American college football game

The 1972 Peach Bowl was a college football postseason bowl game between the West Virginia Mountaineers and the NC State Wolfpack.

==Background==
West Virginia made their first bowl since the 1969 Peach Bowl in the 3rd year of Bobby Bowden as coach. The Wolfpack finished 2nd in the Atlantic Coast Conference in Holtz's first year with the team.

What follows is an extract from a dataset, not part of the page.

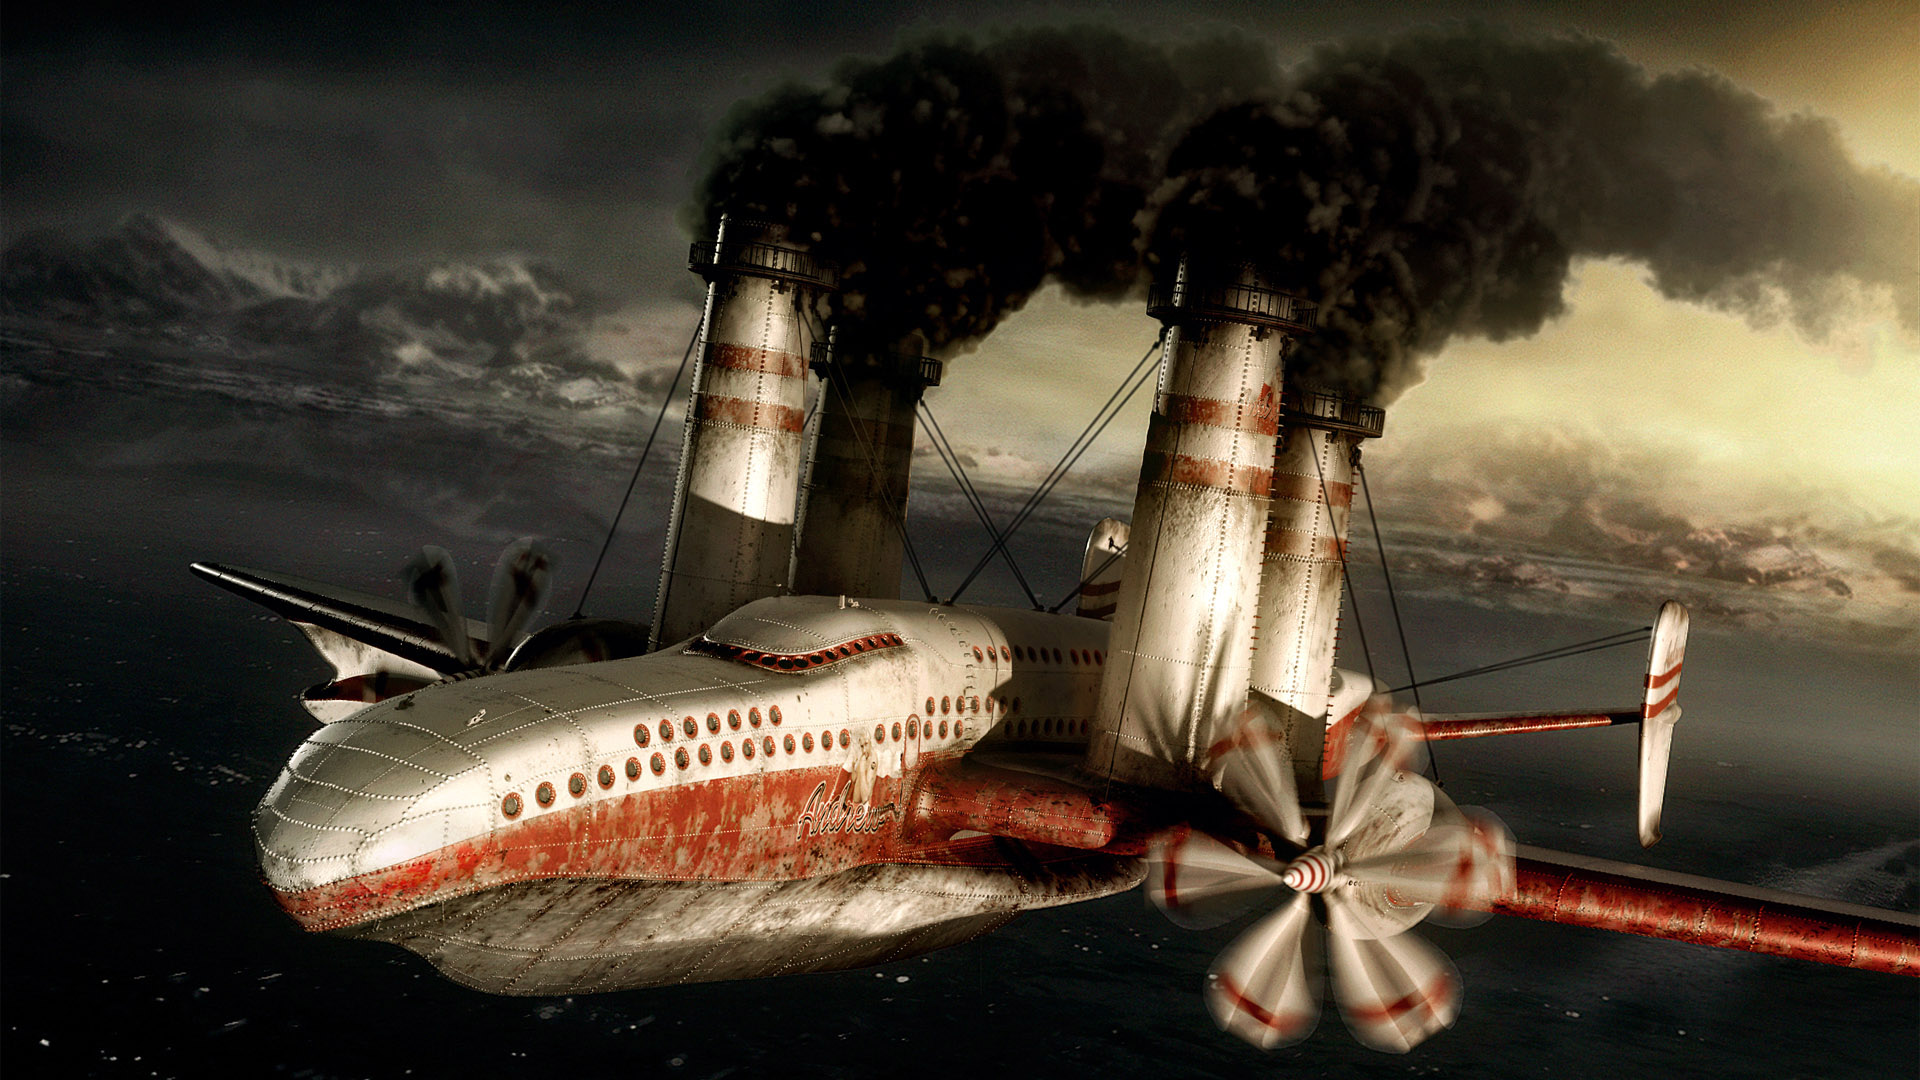 Previous, Fantasy - The plane with the steam engine wallpaper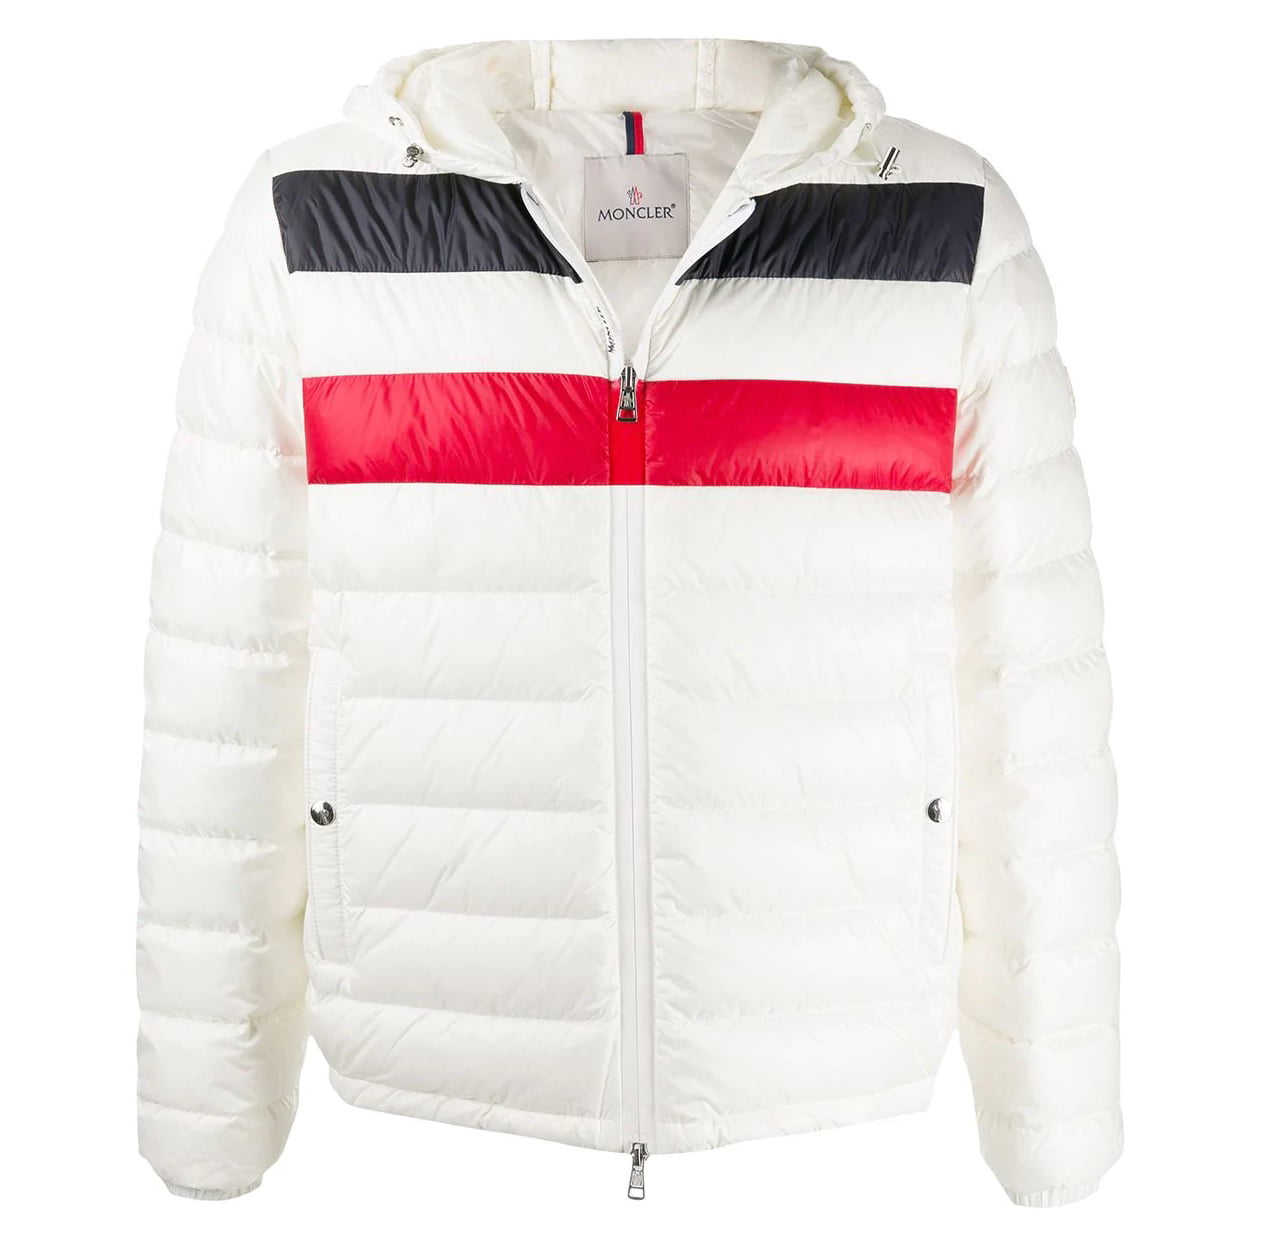 moncler jacket white mens,OFF 58%,www.concordehotels.com.tr

This was their first bowl game since 1967.

==Game summary==
- West Virginia - Frank Nester 27 field goal
- West Virginia - Nester 39 field goal
- NC State - Don Buckey 37 pass from Dave Buckey (Ron Sewell kick)
- West Virginia - Danny Buggs 4 pass from Bernie Galiffa (Nester kick)
- NC State - Stan Fritts 1 run (Sewell kick)
- NC State - Don Buckey 2 run (Sewell kick)
- NC State - Fritts 1 run (Sewell kick)
- NC State - Fritts 4 run (Sewell kick)
- NC State - Pat Hovance 14 pass from Dave Buckey (Sewell kick)
- NC State - Willie Burden 7 run (Sewell kick)

==Aftermath==
The Wolfpack made five more bowl games in the decade, including the Peach Bowl in 1975, which also had the Mountaineers as the opponent.

This would be the 1st of the 5 matchups between two legendary college football coaches Lou Holtz and Bobby Bowden.